### Task
Skip every picture while you write out the records below, from the first line through the one that contains "Kim Kardashian enseña", both ends kept.

─── Records to use ───

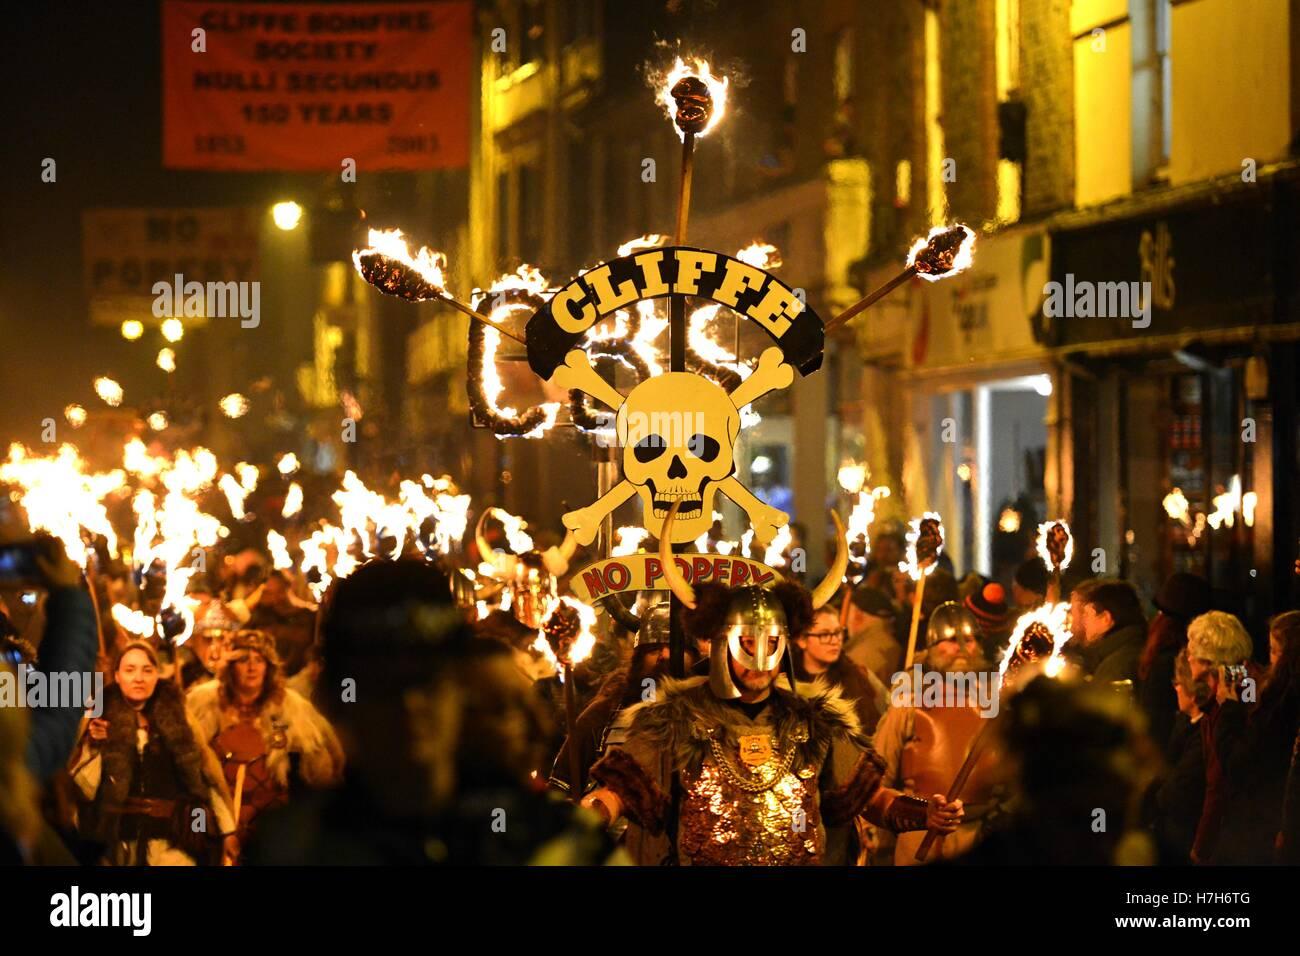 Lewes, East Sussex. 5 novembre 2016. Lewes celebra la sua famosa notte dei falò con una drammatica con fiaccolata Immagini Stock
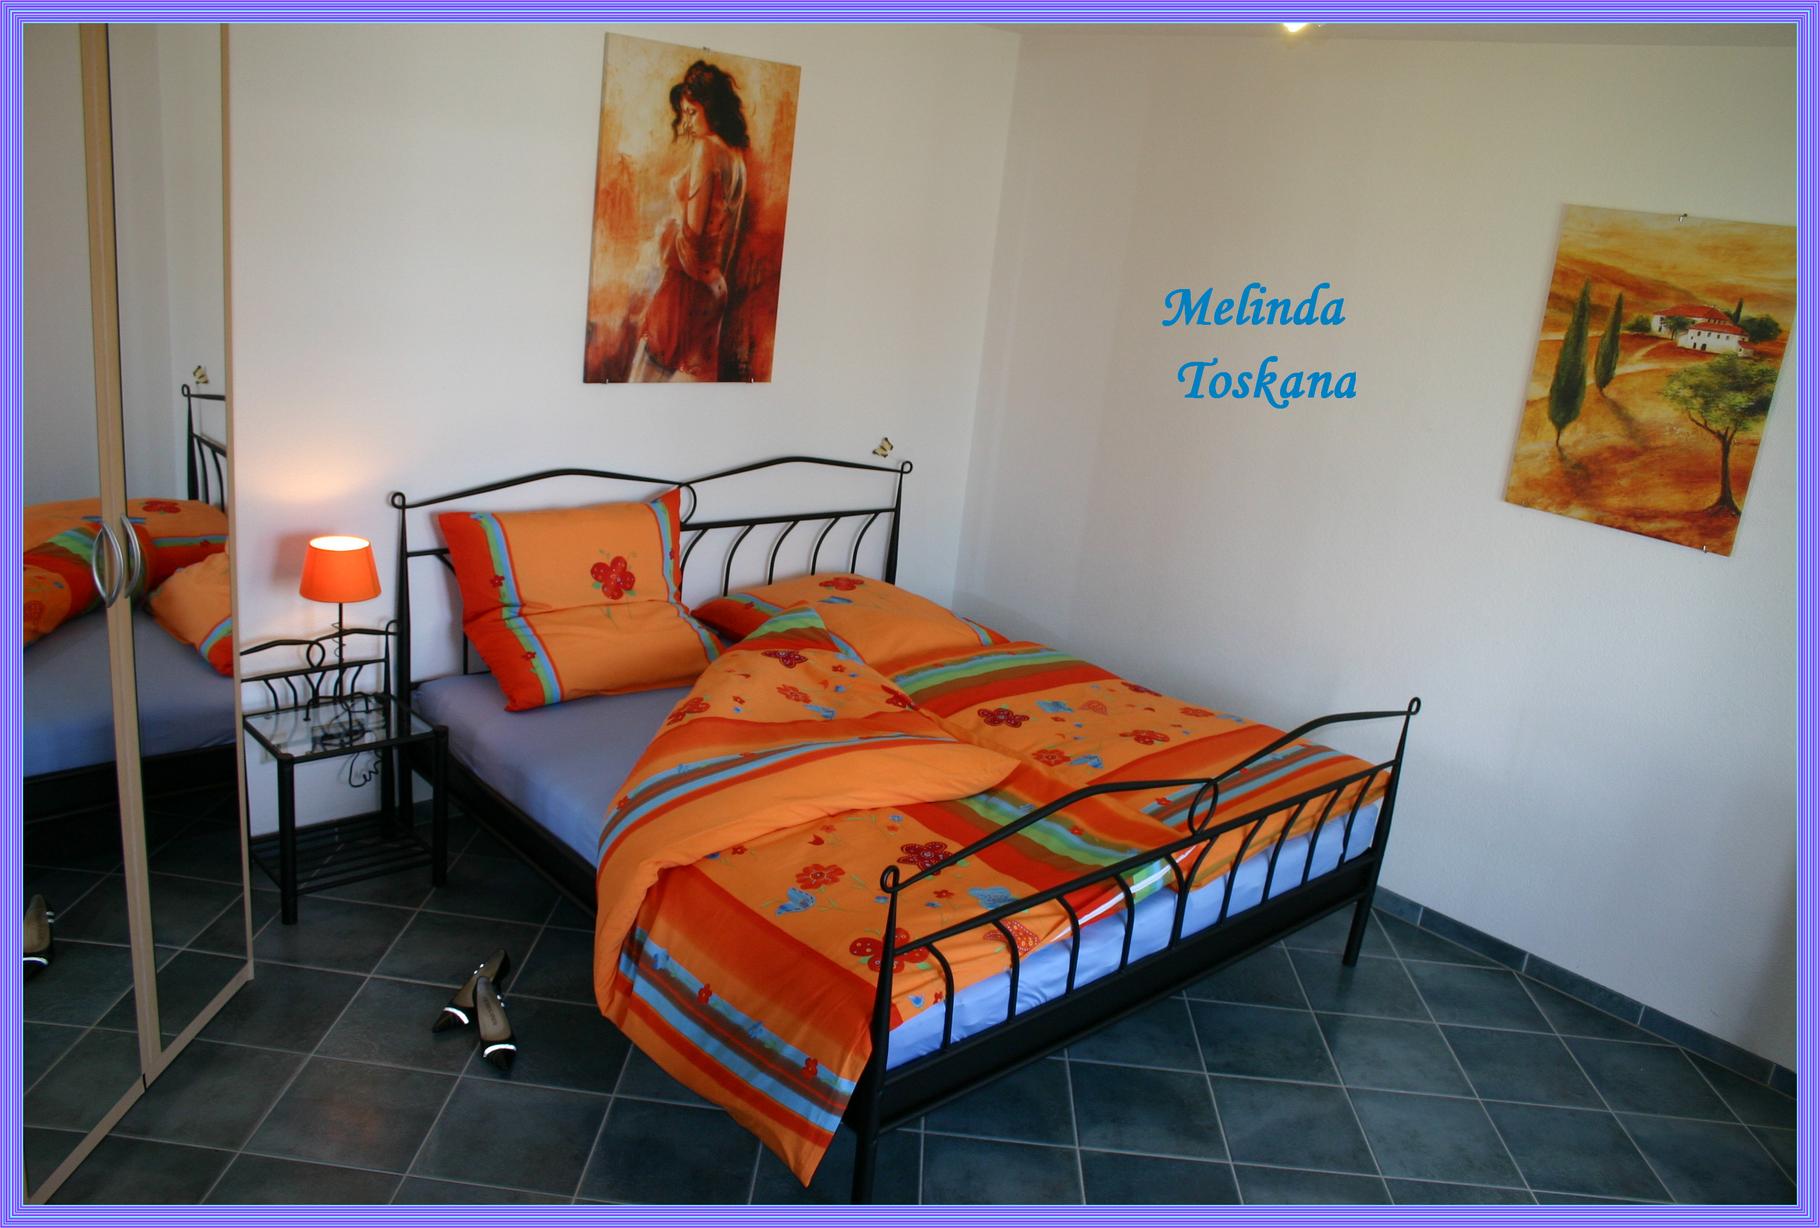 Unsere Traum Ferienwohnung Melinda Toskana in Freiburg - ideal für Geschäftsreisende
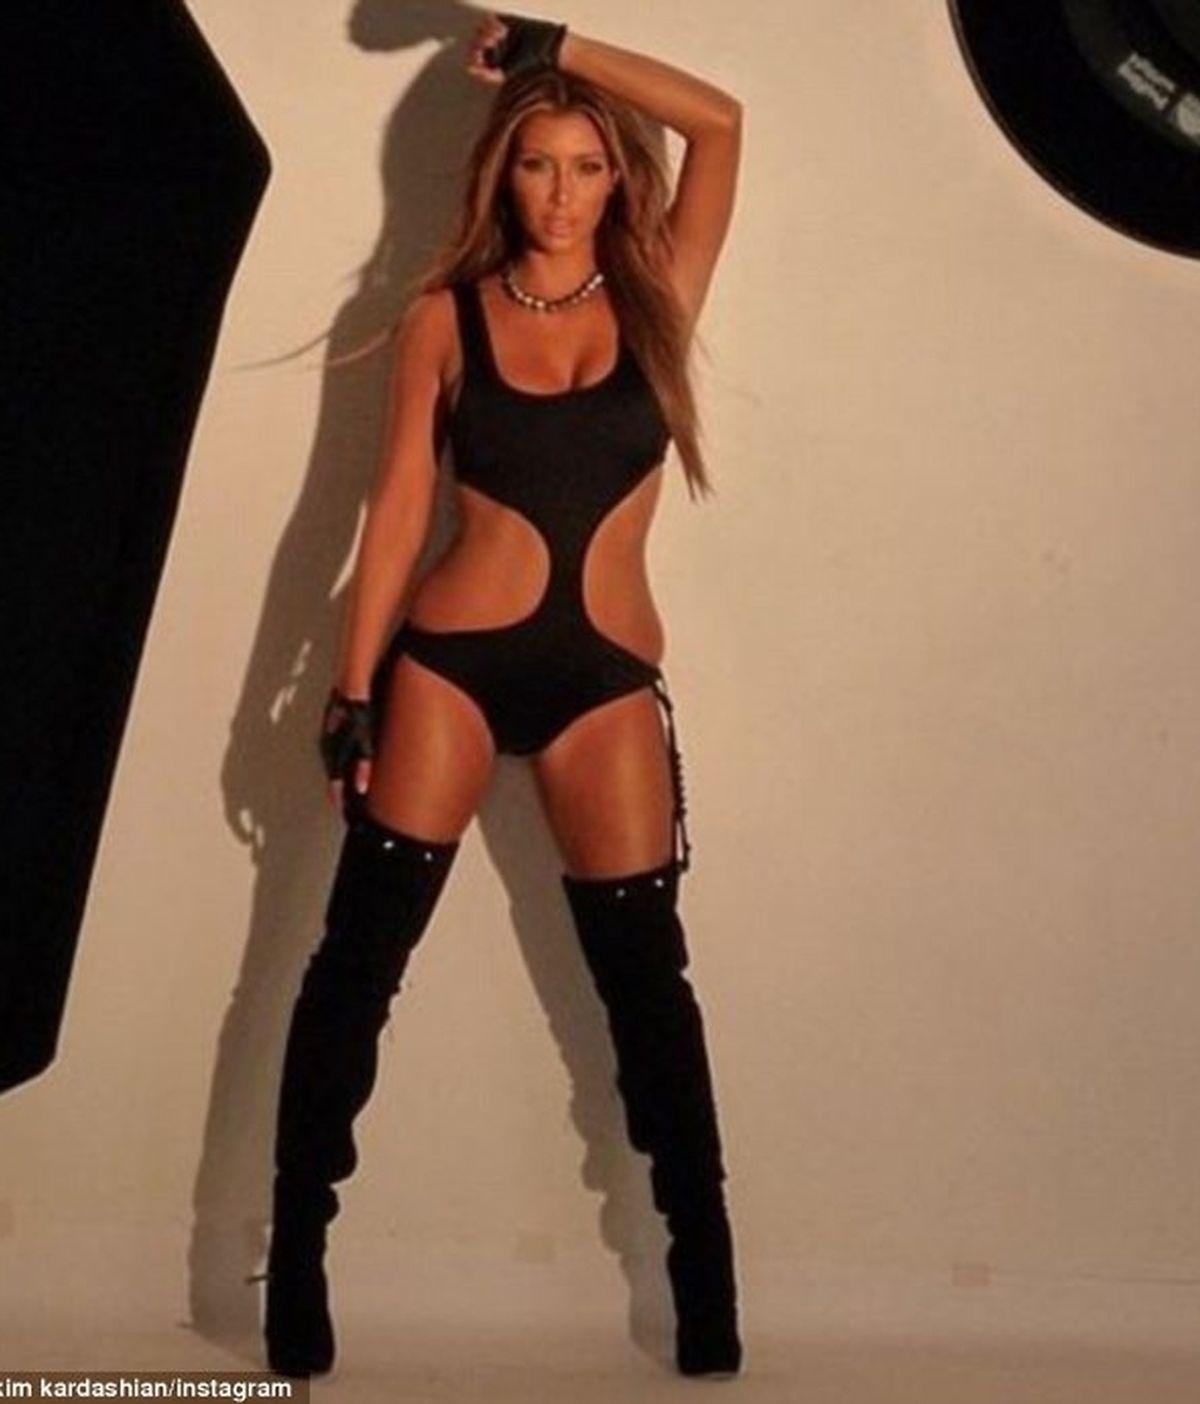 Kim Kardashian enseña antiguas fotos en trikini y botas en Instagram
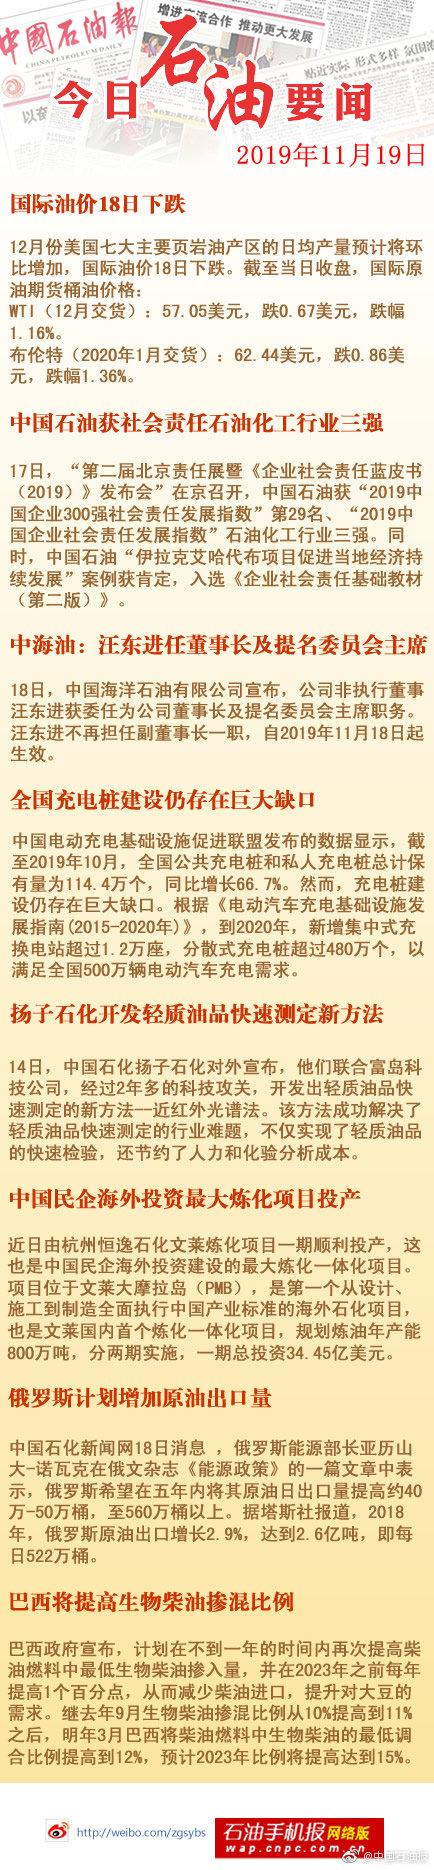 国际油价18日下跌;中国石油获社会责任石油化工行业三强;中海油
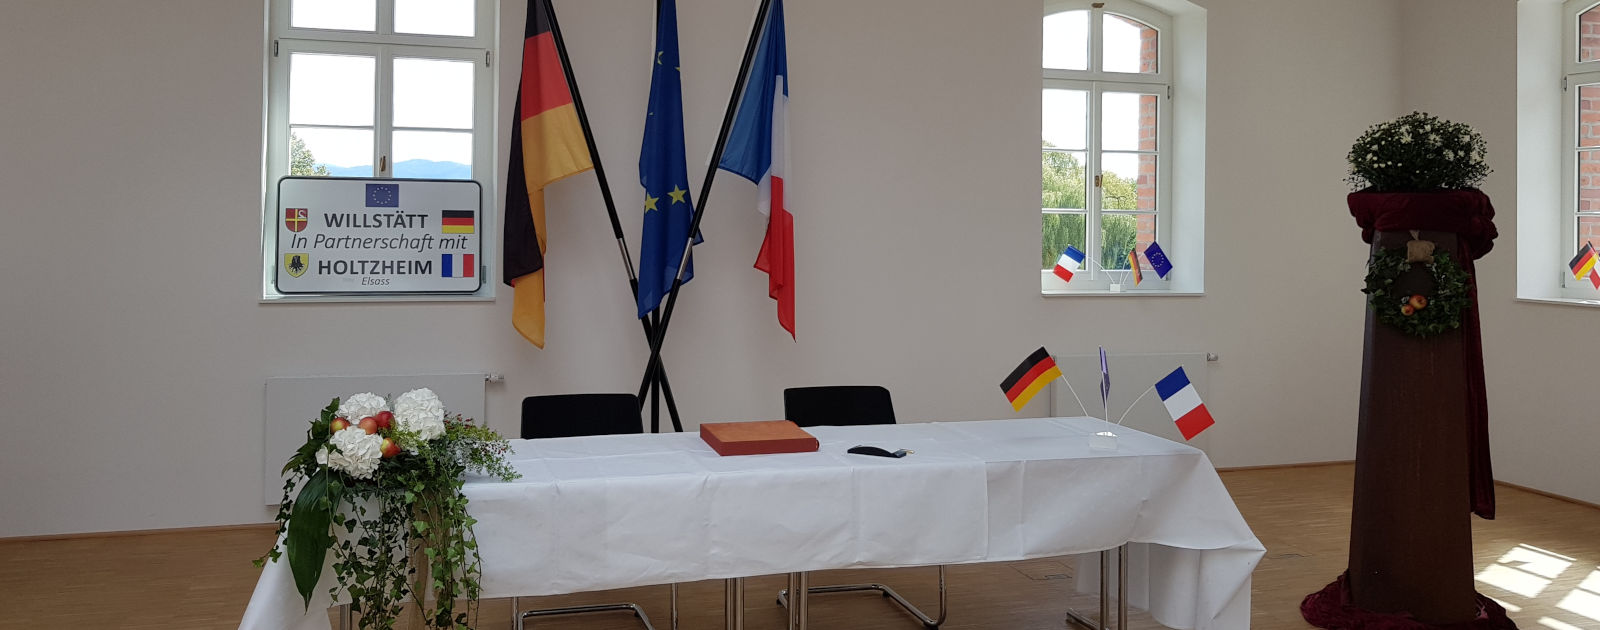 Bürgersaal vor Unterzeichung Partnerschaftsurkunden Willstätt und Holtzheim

───

### Solution to this problem
 Lewes, East Sussex. 5 novembre 2016. Lewes celebra la sua famosa notte dei falò con una drammatica con fiaccolata Immagini Stock
 Unsere Traum Ferienwohnung Melinda Toskana in Freiburg - ideal für Geschäftsreisende
 Kim Kardashian enseña antiguas fotos en trikini y botas en Instagram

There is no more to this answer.